Taiwan’s life insurance industry holds overseas assets totaling up to $1.7 trillion (mainly U.S. Treasuries), yet has long lacked sufficient currency hedging arrangements. This was not an issue in the past because the central bank could effectively suppress sharp TWD appreciation. But now, the situation has changed. The central bank must avoid accusations of currency manipulation while preventing systemic risks in the financial system. This dilemma exposes a deep structural fragility in Taiwan’s financial framework.
According to reports from UK financial media, the main force behind this appreciation wave is the panic-driven locking of huge dollar assets by life insurers. When signals of a correction in USD/TWD emerge, insurance companies and exporters may further increase their hedging ratios, creating a vicious cycle. The central bank governor subsequently denied these allegations, but market doubts remain.
Rational Assessment of USD/TWD Exchange Rate: Valuation Models and Appreciation Potential
So, how high could the TWD still go? The industry consensus is that the likelihood of reaching 28 per USD is minimal, but the appreciation momentum persists.
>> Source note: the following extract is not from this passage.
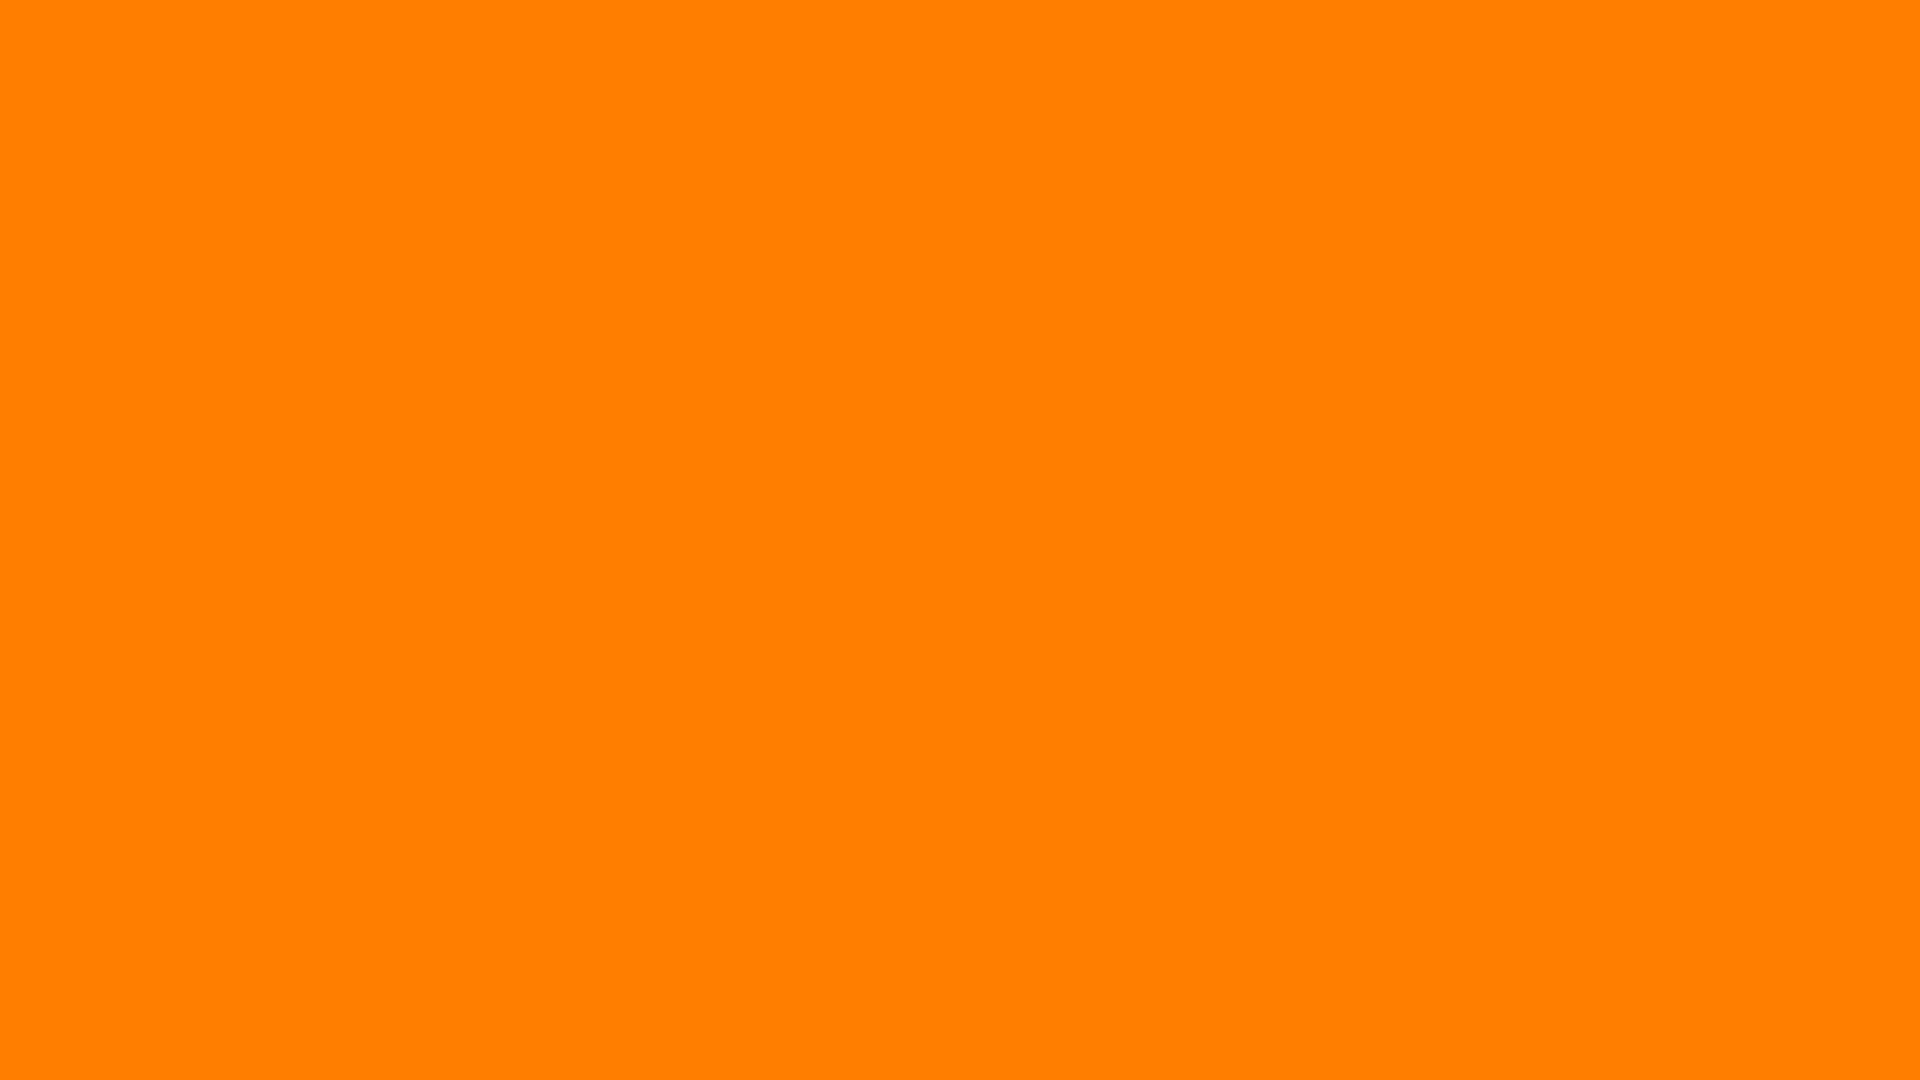 Hình nền màu cam đơn sắc trên Wallpaper Cave là sự lựa chọn hoàn hảo cho những ai yêu thích sự đơn giản và tinh tế. Với chất lượng HD, bạn sẽ có một sản phẩm tuyệt đẹp cho máy tính cá nhân và mang lại sự mới mẻ cho không gian của mình.

A key tool for assessing exchange rate rationality is the BIS’s real effective exchange rate index (REER). With 100 as the equilibrium value, data shows:
The USD index is approximately 113, indicating a significant “overvaluation”; the TWD index remains around 96, in a “reasonably undervalued” range. In comparison, the JPY and KRW indices are only 73 and 89, respectively, highlighting more pronounced undervaluation among major Asian export currencies.
Looking over a nearly one-month period, comparing the abnormal volatility with the cumulative gains since the beginning of the year, we find that the appreciation of the TWD aligns closely with regional peers: TWD +8.74%, JPY +8.47%, KRW +7.17%. From a long-term perspective, the TWD’s trend reflects the overall Asian foreign exchange revaluation process, not Taiwan’s unique phenomenon.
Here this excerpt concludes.